We can ensure this from the logs:
https://builds.apache.org/job/PreCommit-HBASE-Build/1187//testReport/org.apache.hadoop.hbase.regionserver/TestStore/testDeleteExpiredStoreFiles/

{code}2012-03-14 17:19:14,672 INFO  [pool-1-thread-1] regionserver.Store(1002): 
Completed compaction of 1 file(s) in family of 
table,,1331745551742.011a93cc4f763307dc36f577662db4b1. into none, size=none; 
total size for store is 2.4k
2012-03-14 17:19:14,923 INFO  [pool-1-thread-1] 
compactions.CompactSelection(104): Deleting the expired store file by 
compaction: 
/home/jenkins/jenkins-slave/workspace/PreCommit-HBASE-Build/trunk/target/test-data/4d75667a-f352-40cc-978a-f36fec71baf2/TestStoretestDeleteExpiredStoreFiles/011a93cc4f763307dc36f577662db4b1/family/489673e6568241c6bb500b34d7ff29ad
 whose maxTimeStamp is 1331745552397 while the max expired timestamp is 
1331745553923
2012-03-14 17:19:14,923 INFO  [pool-1-thread-1] 
compactions.CompactSelection(104): Deleting the expired store file by 
compaction: 
/home/jenkins/jenkins-slave/workspace/PreCommit-HBASE-Build/trunk/target/test-data/4d75667a-f352-40cc-978a-f36fec71baf2/TestStoretestDeleteExpiredStoreFiles/011a93cc4f763307dc36f577662db4b1/family/7ac26f52fd214aca88bd555f3c82dd91
 whose maxTimeStamp is 1331745552671 while the max expired timestamp is 
1331745553923
2012-03-14 17:19:14,923 INFO  [pool-1-thread-1] 

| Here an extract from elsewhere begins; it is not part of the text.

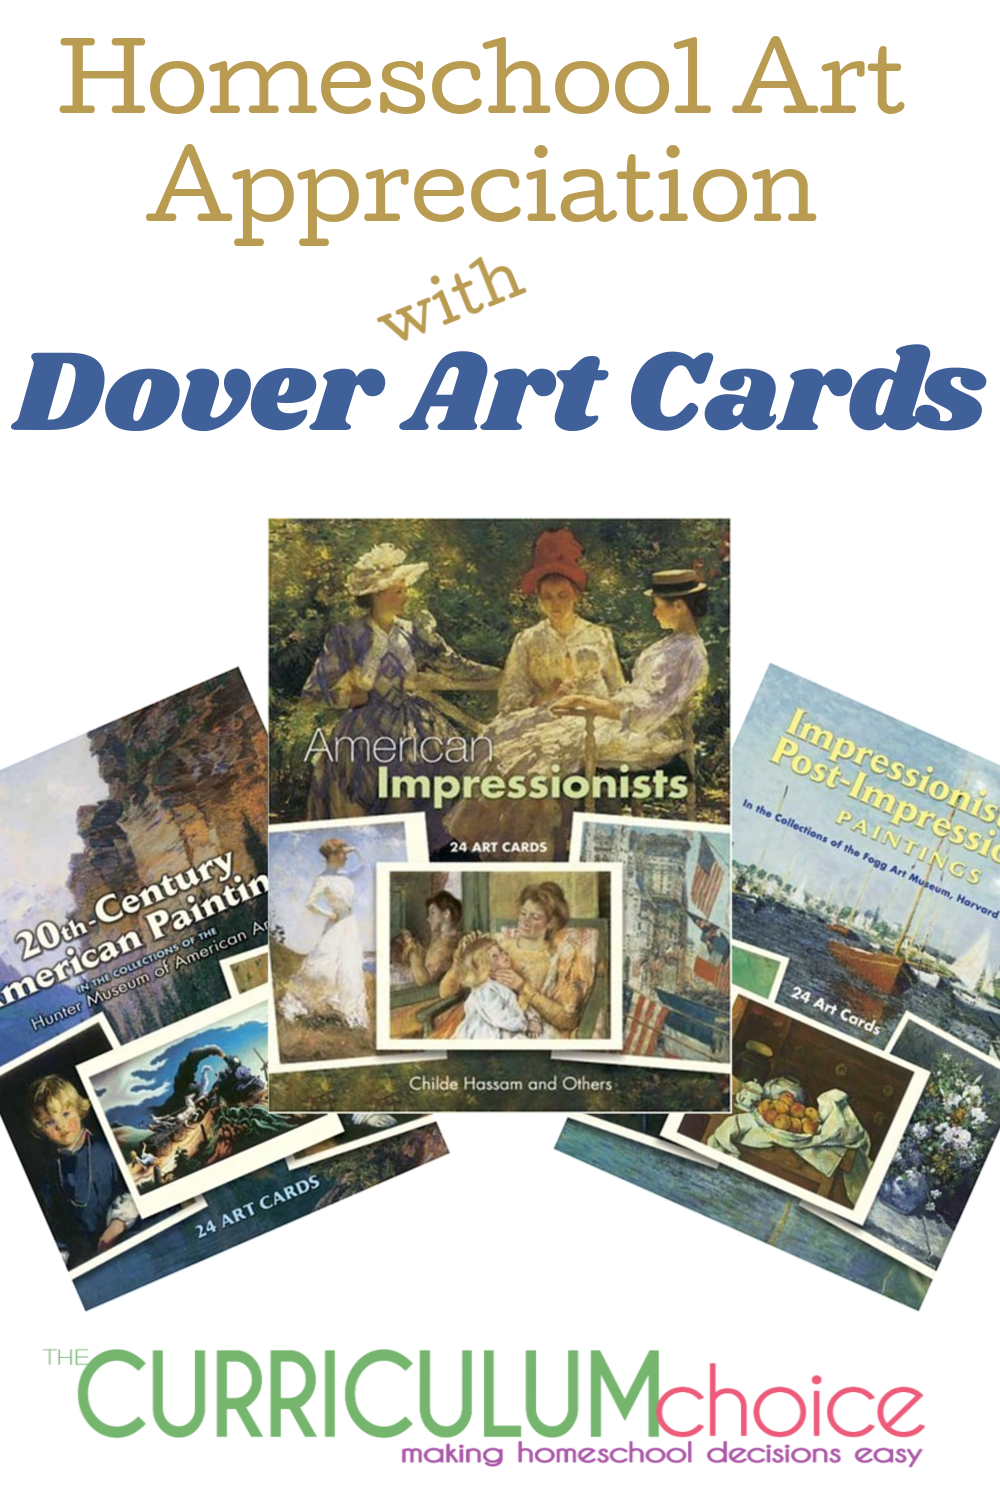 Dover Art Card Sets make homeschool art appreciation easy. Sturdy cards including the  painting along with basic information about the art including the artist, title, year of production and art medium used to create the work. A review from The Curriculum Choice

compactions.CompactSelection(104): Deleting the expired store file by 
compaction: 
/home/jenkins/jenkins-slave/workspace/PreCommit-HBASE-Build/trunk/target/test-data/4d75667a-f352-40cc-978a-f36fec71baf2/TestStoretestDeleteExpiredStoreFiles/011a93cc4f763307dc36f577662db4b1/family/7ebf7908f5044fcab65a7327d3e19405
 whose maxTimeStamp is 1331745552939 while the max expired timestamp is 
1331745553923
{code}

{code}
for (int i = 1; i <= storeFileNum; i++) {
      // verify the expired store file.
      CompactionRequest cr = this.store.requestCompaction();
      assertEquals(1, cr.getFiles().size());
      assertTrue(cr.getFiles().get(0).getReader().getMaxTimestamp() < 
          (System.currentTimeMillis() - this.store.scanInfo.getTtl()));
      // Verify that the expired the store has been deleted.

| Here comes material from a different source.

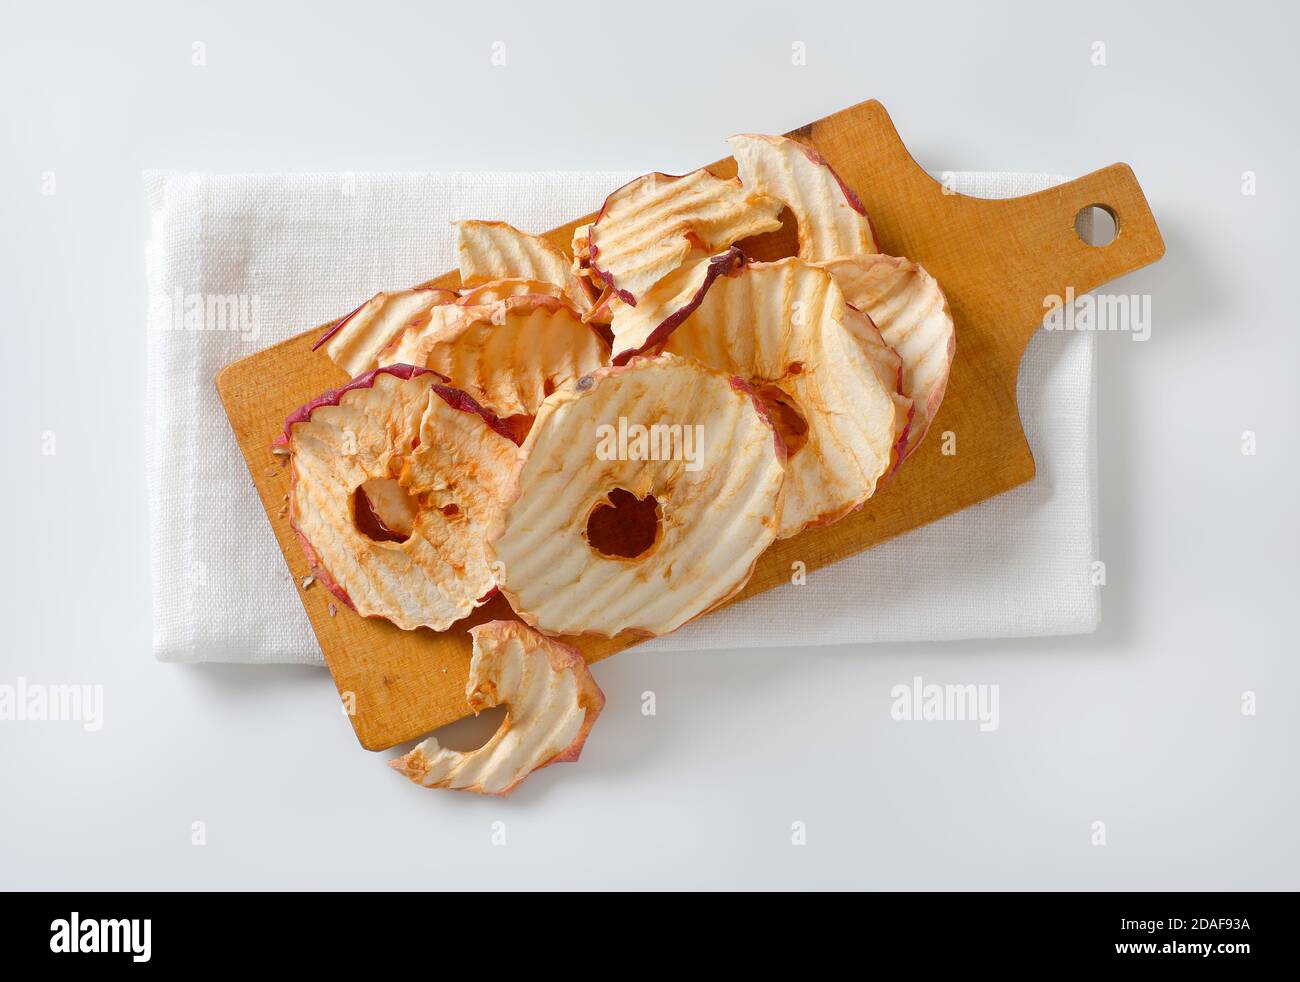 Dried apple chips or rings on cutting board Stock Photo

      this.store.compact(cr);
      assertEquals(storeFileNum - i, this.store.getStorefiles().size());

      // Let the next store file expired.
      Thread.sleep(sleepTime);
    }{code}

after the first compaction,
the next call this.store.requestCompaction(), the other three store files are  
all expired at one time.
                
> Multi concurrent flushcache() for one region could cause data loss
> ------------------------------------------------------------------
>
>                 Key: HBASE-5568
>                 URL: https://issues.apache.org/jira/browse/HBASE-5568
>             Project: HBase
>          Issue Type: Bug
>          Components: regionserver
>            Reporter: chunhui shen
>            Assignee: chunhui shen
>             Fix For: 0.90.7, 0.92.2, 0.94.0, 0.96.0
>
>         Attachments: HBASE-5568-90.patch, HBASE-5568.patch, HBASE-5568.patch
>
>
> We could call HRegion#flushcache() concurrently now through 
> HRegionServer#splitRegion or HRegionServer#flushRegion by HBaseAdmin.

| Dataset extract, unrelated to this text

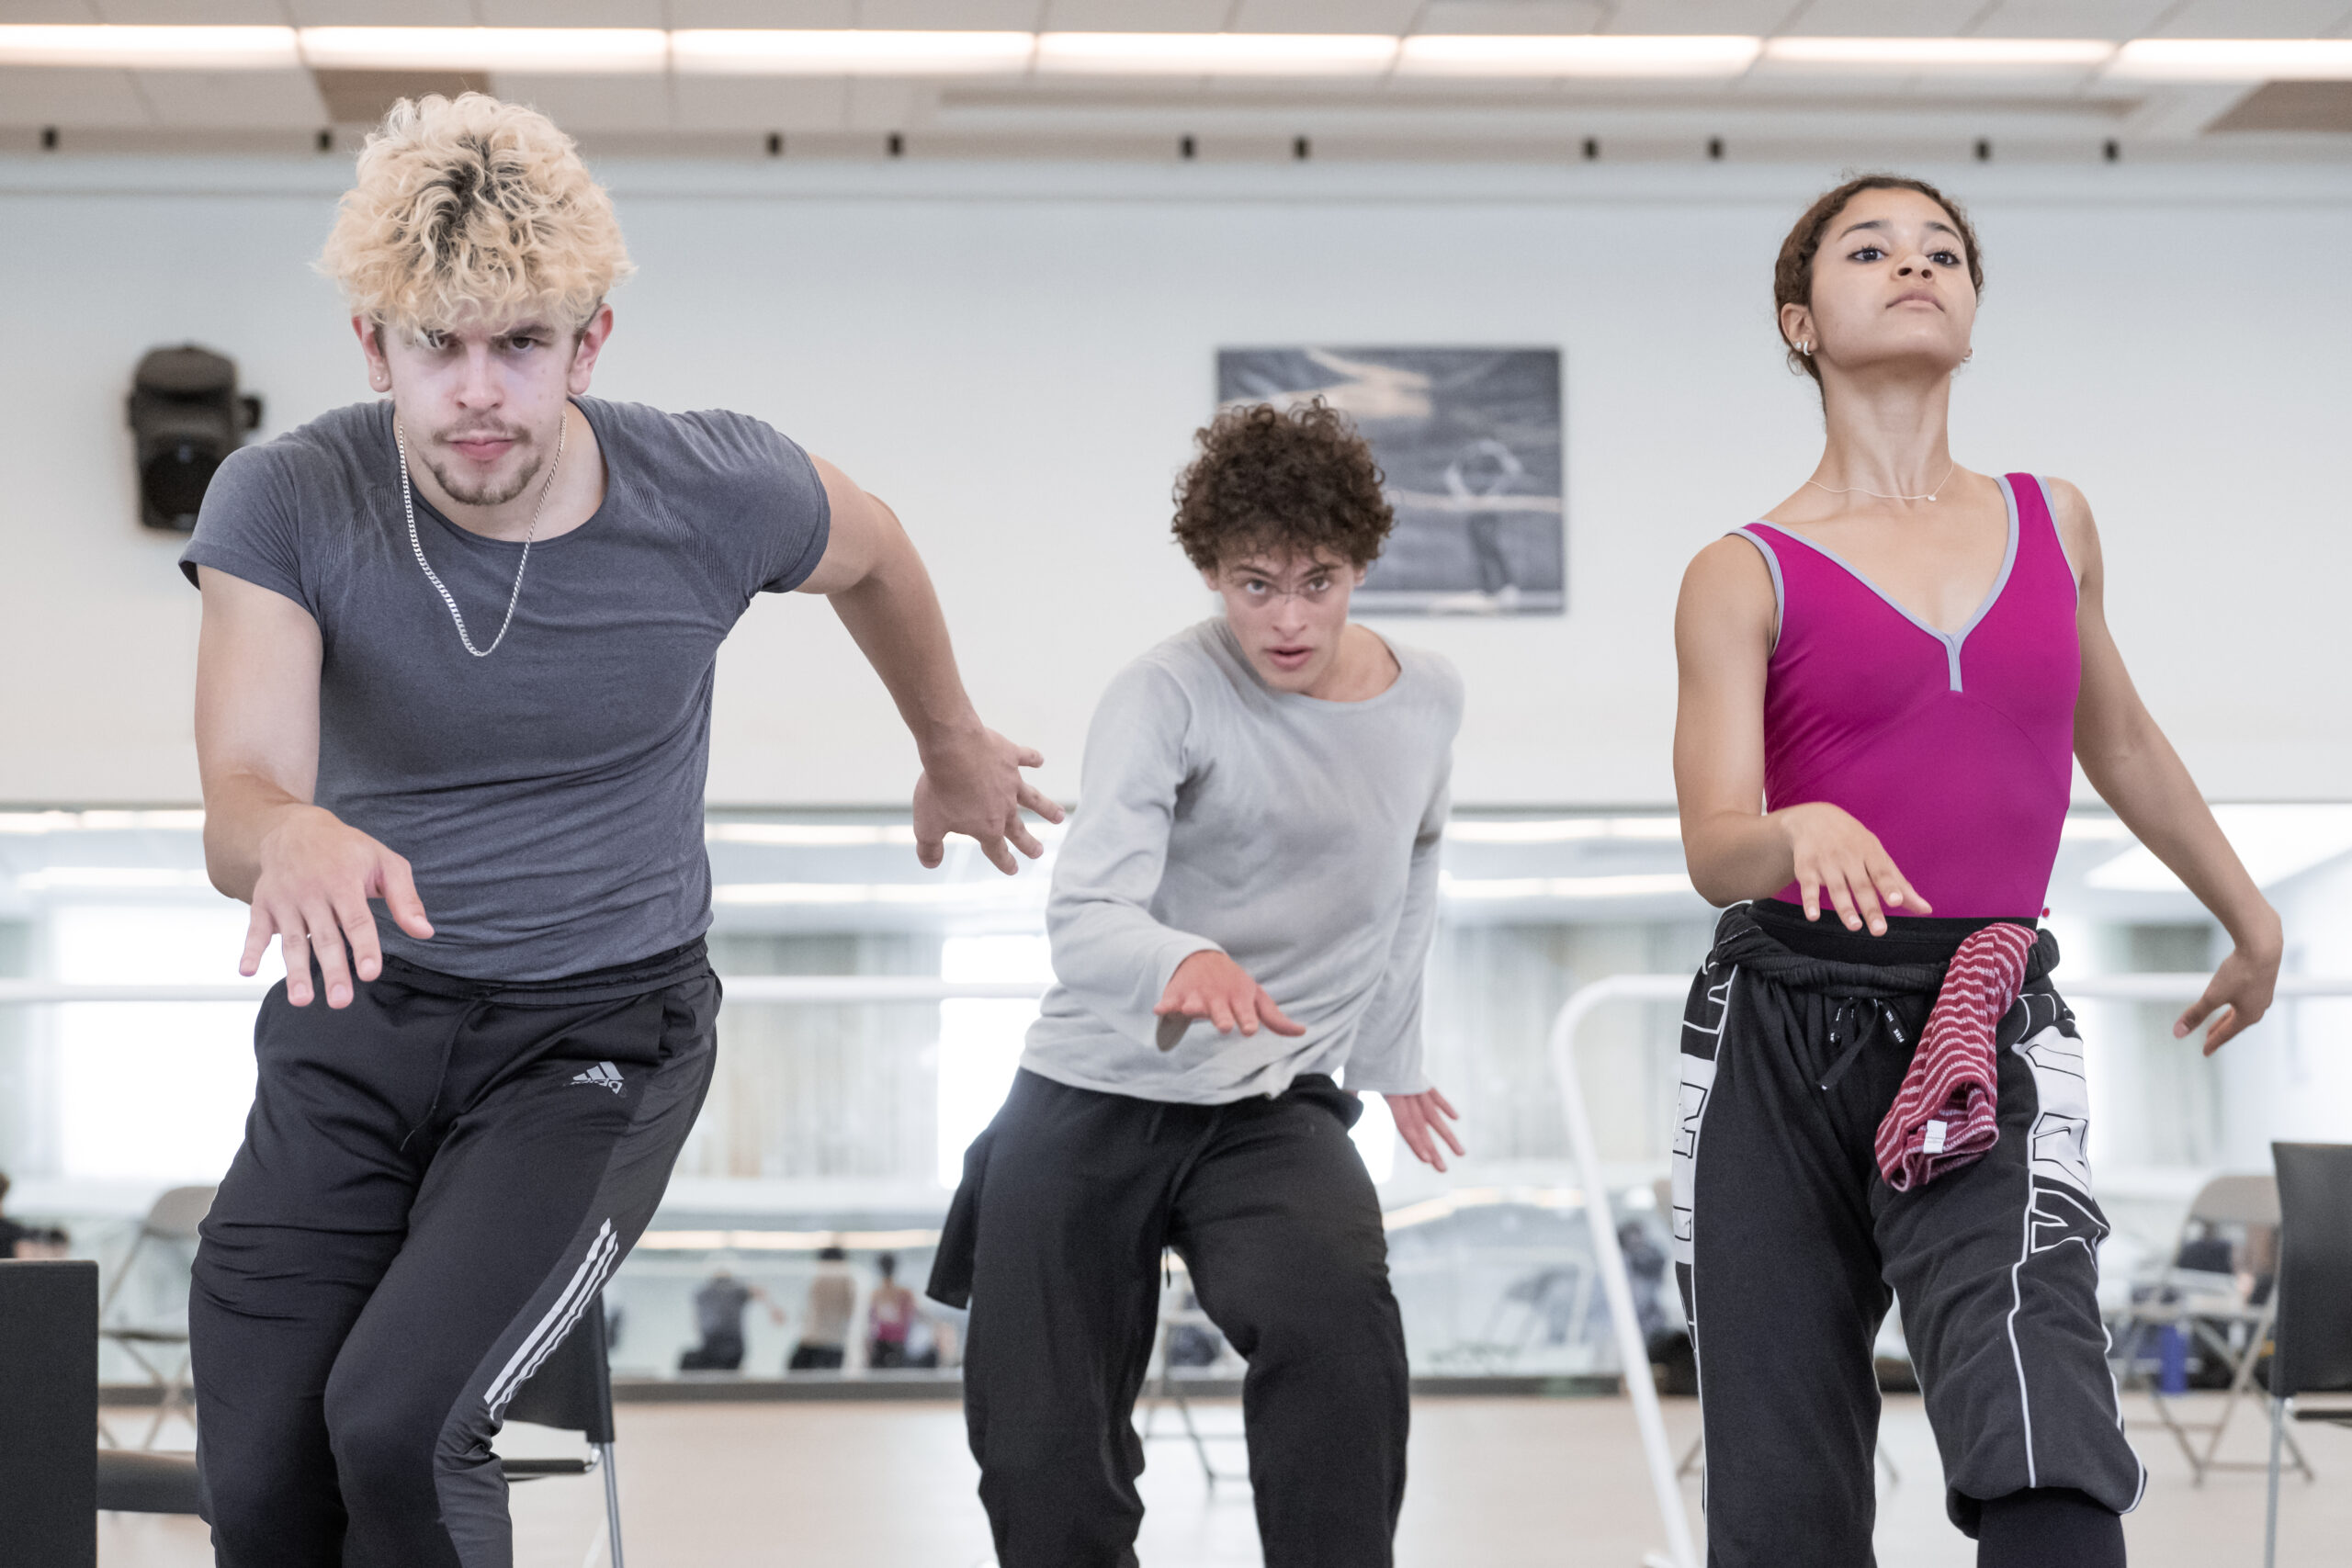 Three dancers in rehearsal-wear move through their hips in a way evocative of salsa dancing as they face forward.

> However, we find if HRegion#internalFlushcache() is called concurrently by 
> multi thread, HRegion.memstoreSize will be calculated wrong.
> At the end of HRegion#internalFlushcache(), we will do 
> this.addAndGetGlobalMemstoreSize(-flushsize), but the flushsize may not the 
> actual memsize which flushed to hdfs. It cause HRegion.memstoreSize is 
> negative and prevent next flush if we close this region.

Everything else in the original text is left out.